*Task:* Exact copy, no pictures: output each line below as it stands.

*Data section:*
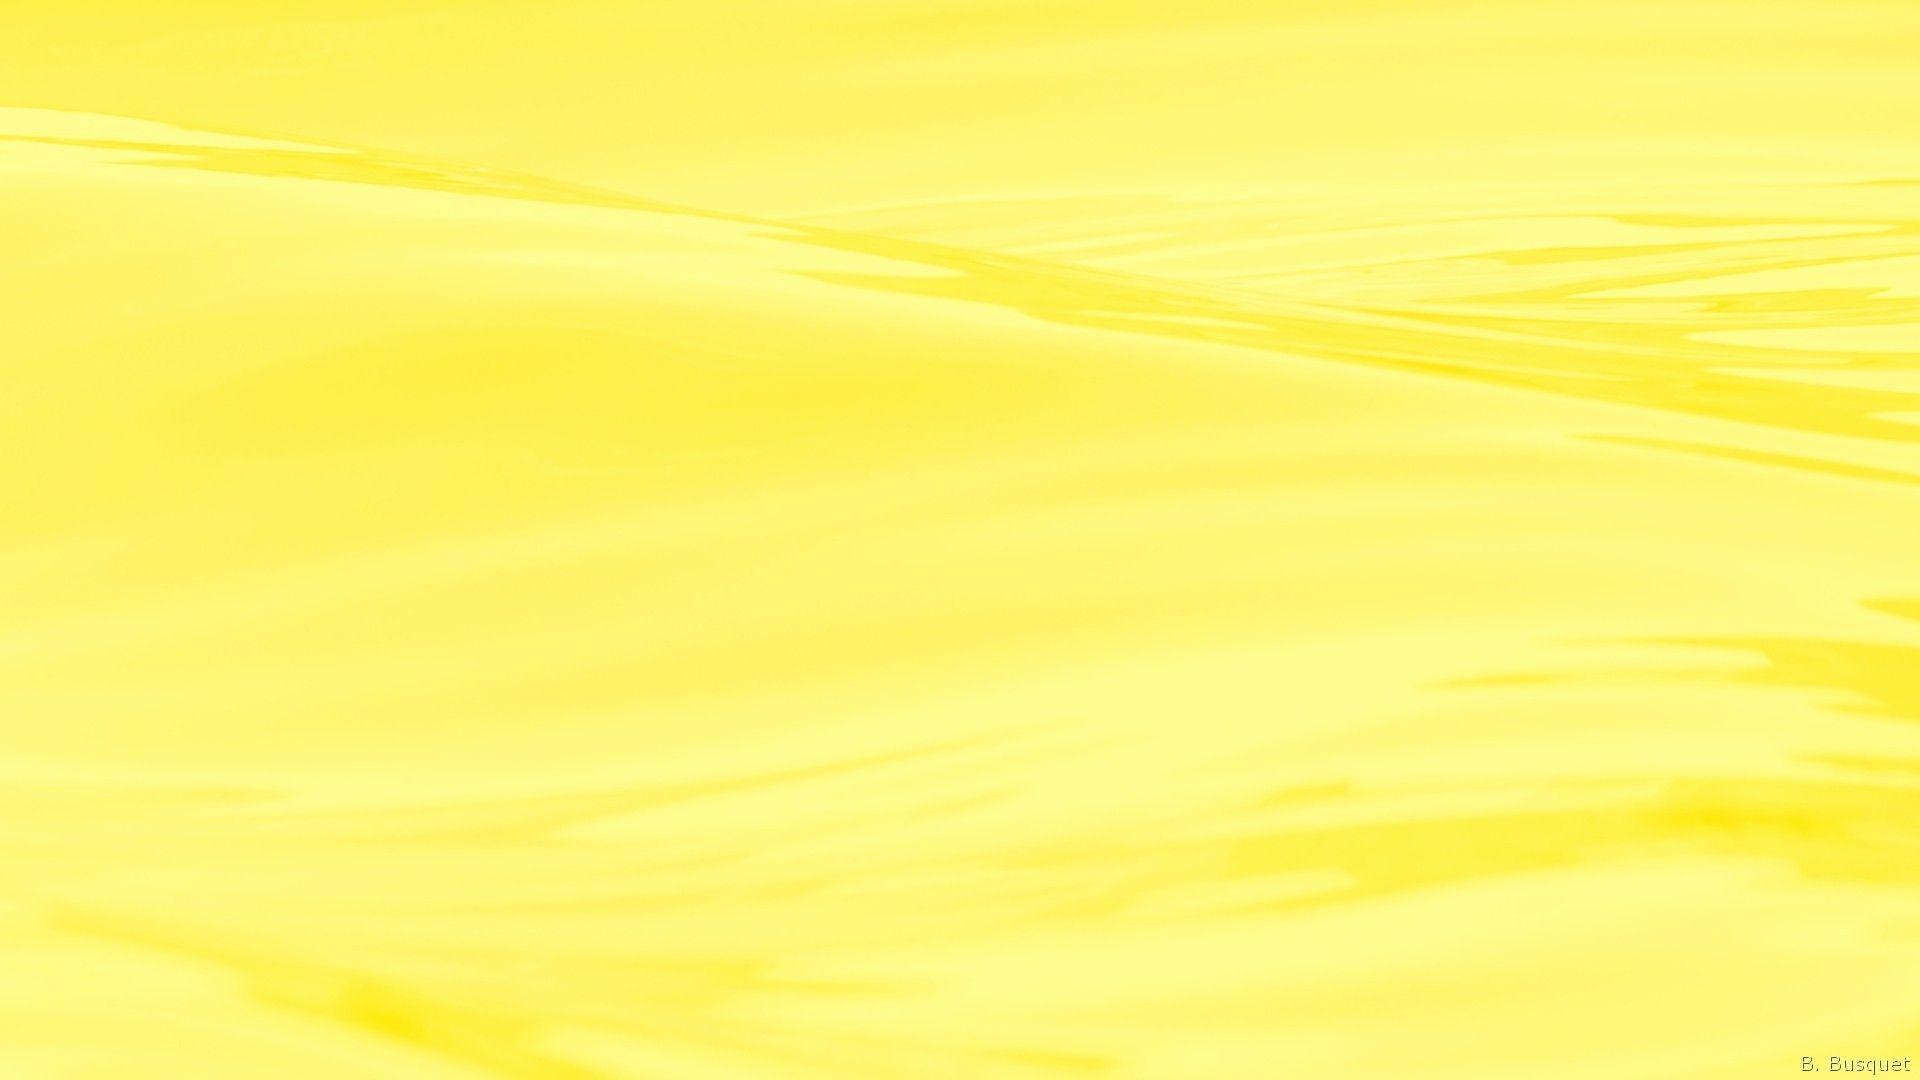 Aesthetic Yellow Laptop Wallpaper Yellow Wallpaper Yellow Aesthetic Pastel Laptop Wallpaper
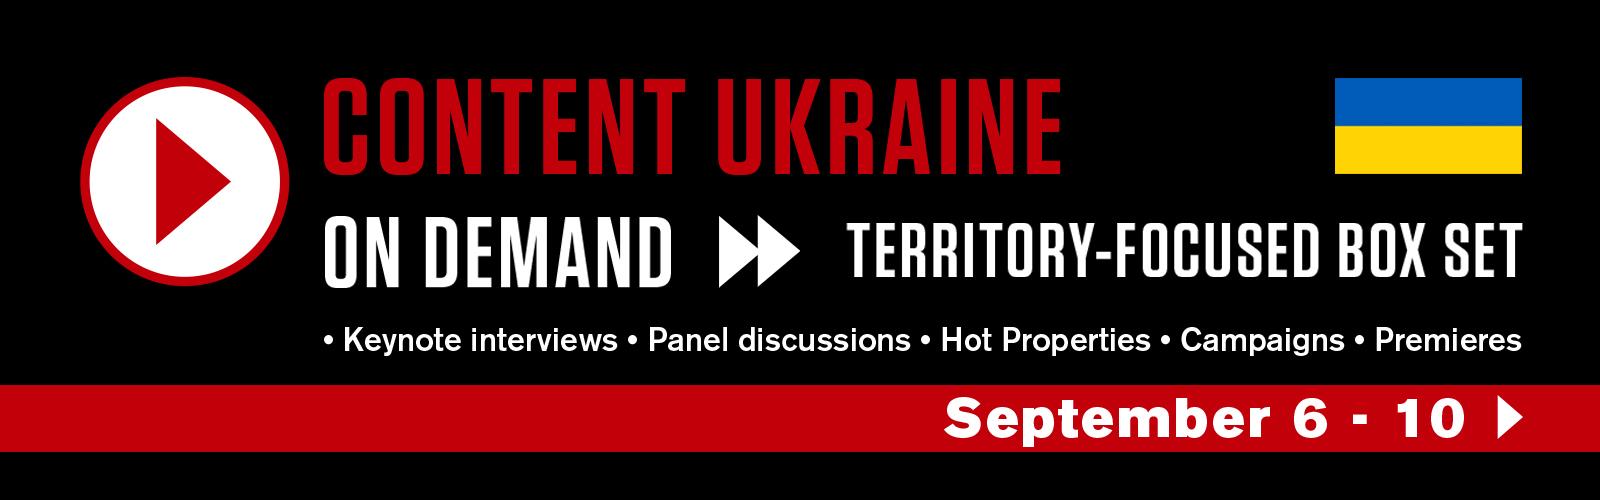 Content Ukraine On Demand
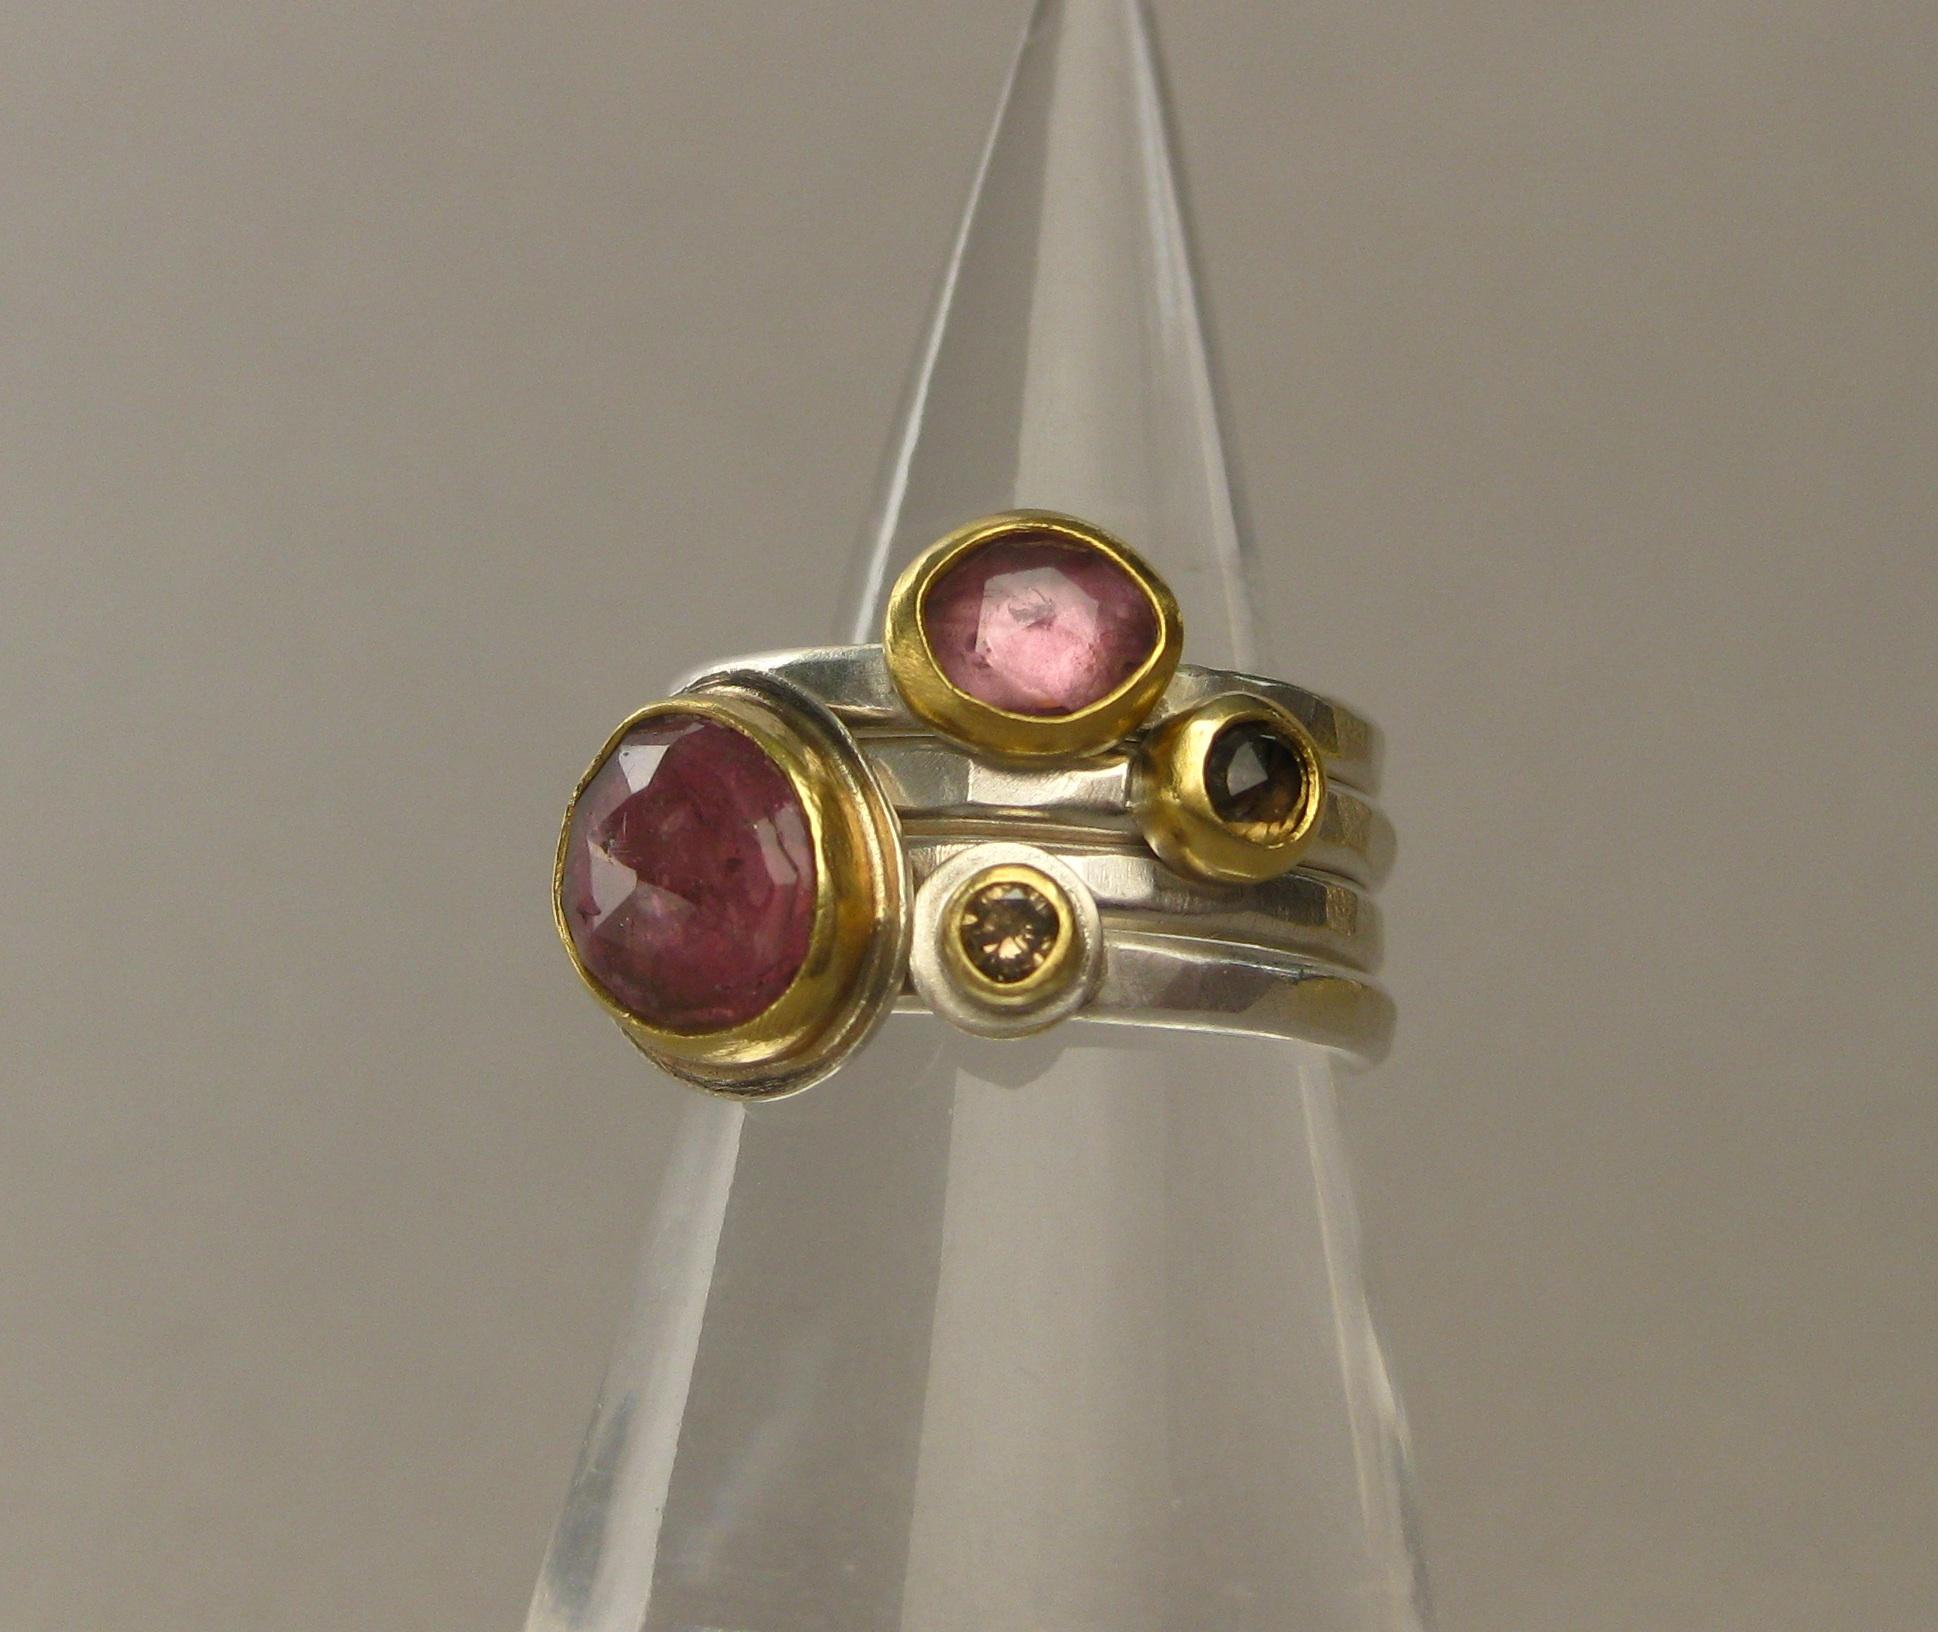 Rose Cut Pink Sapphire, Rose Cut Cognac Diamond, Rose Cut Pink Tourmaline and Champage Diamond Stacking Rings
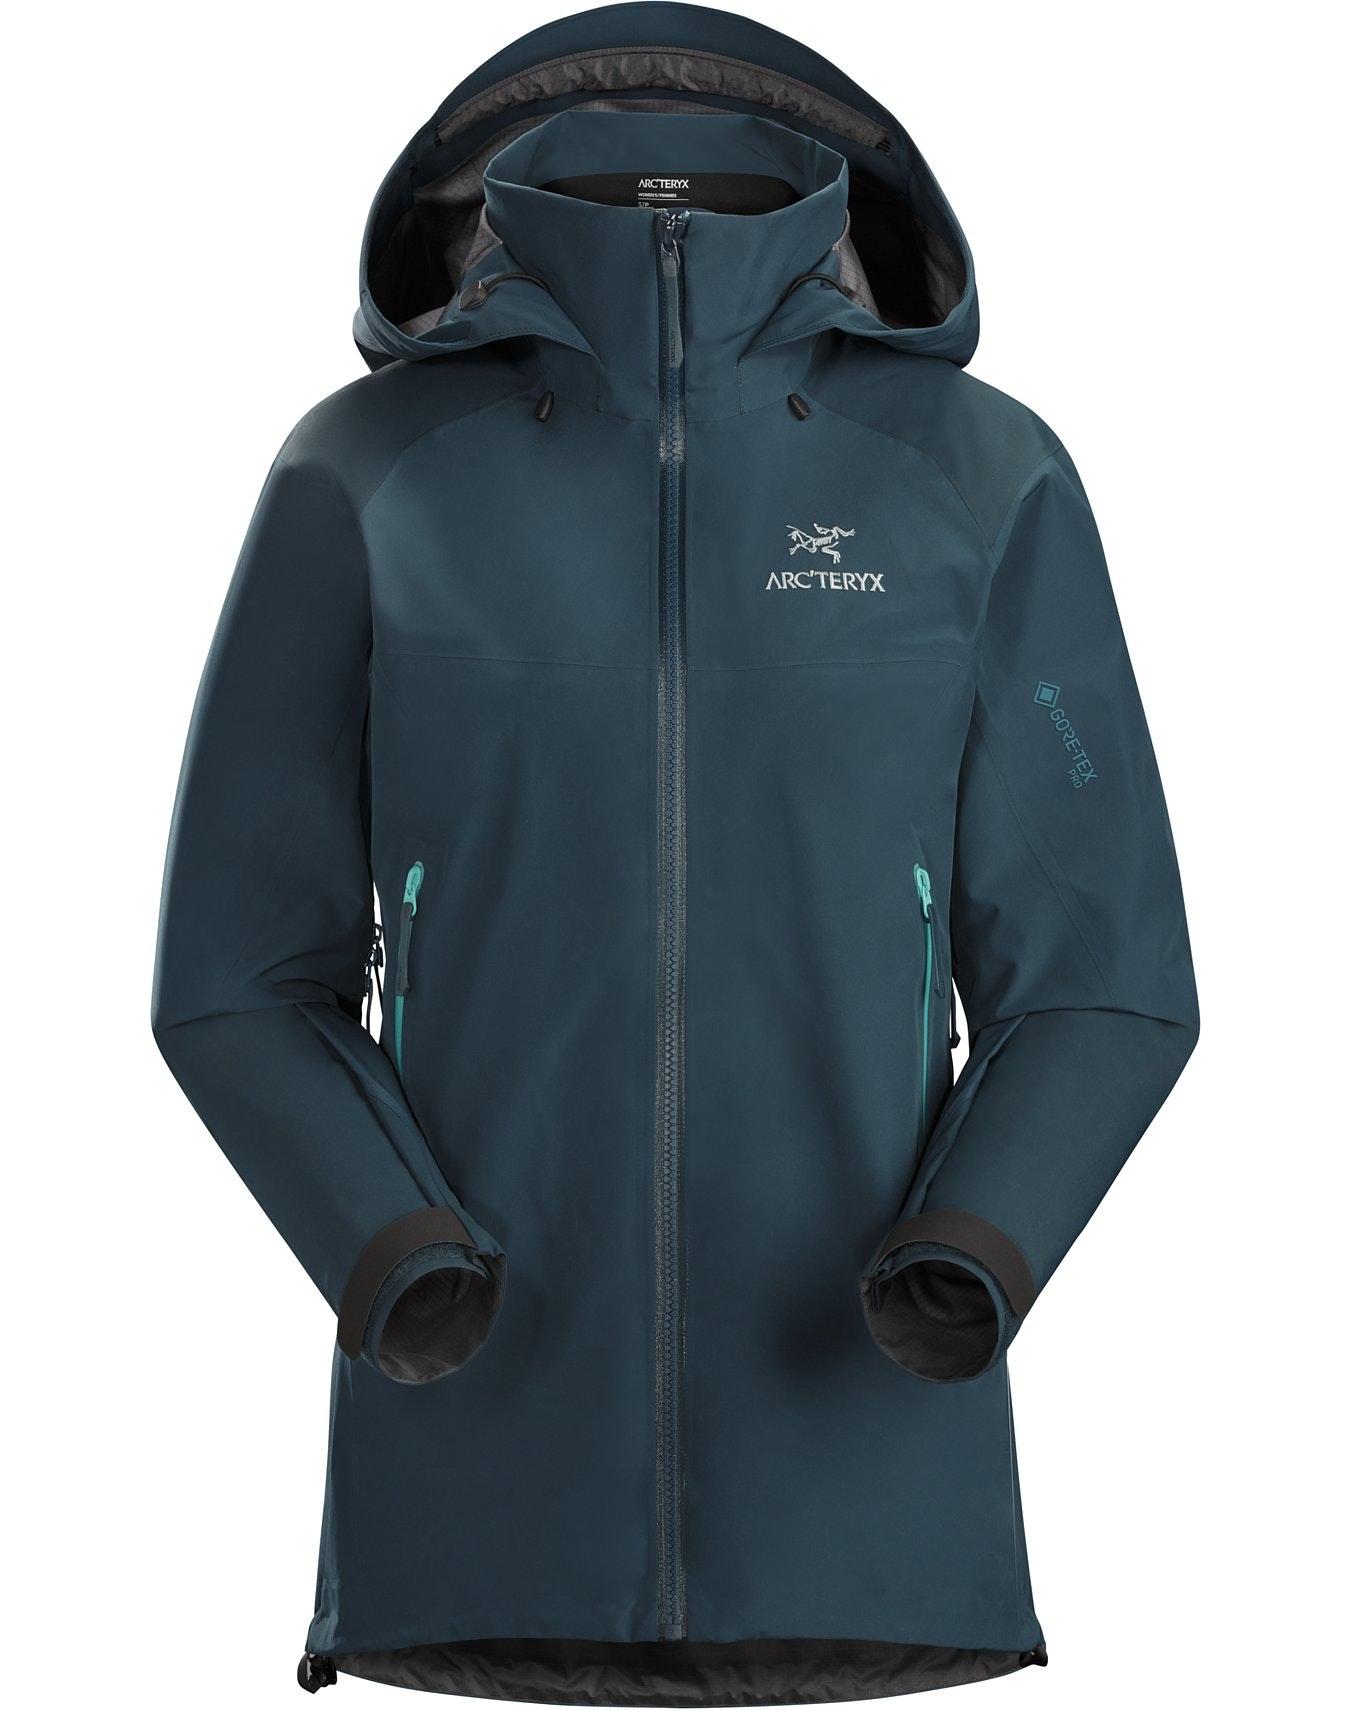 beta ar jacket damen  bekleidung damen sweatshirt c 1_18 #6

*The answer:*
 Aesthetic Yellow Laptop Wallpaper Yellow Wallpaper Yellow Aesthetic Pastel Laptop Wallpaper
 Content Ukraine On Demand
 Rose Cut Pink Sapphire, Rose Cut Cognac Diamond, Rose Cut Pink Tourmaline and Champage Diamond Stacking Rings
 beta ar jacket damen  bekleidung damen sweatshirt c 1_18 #6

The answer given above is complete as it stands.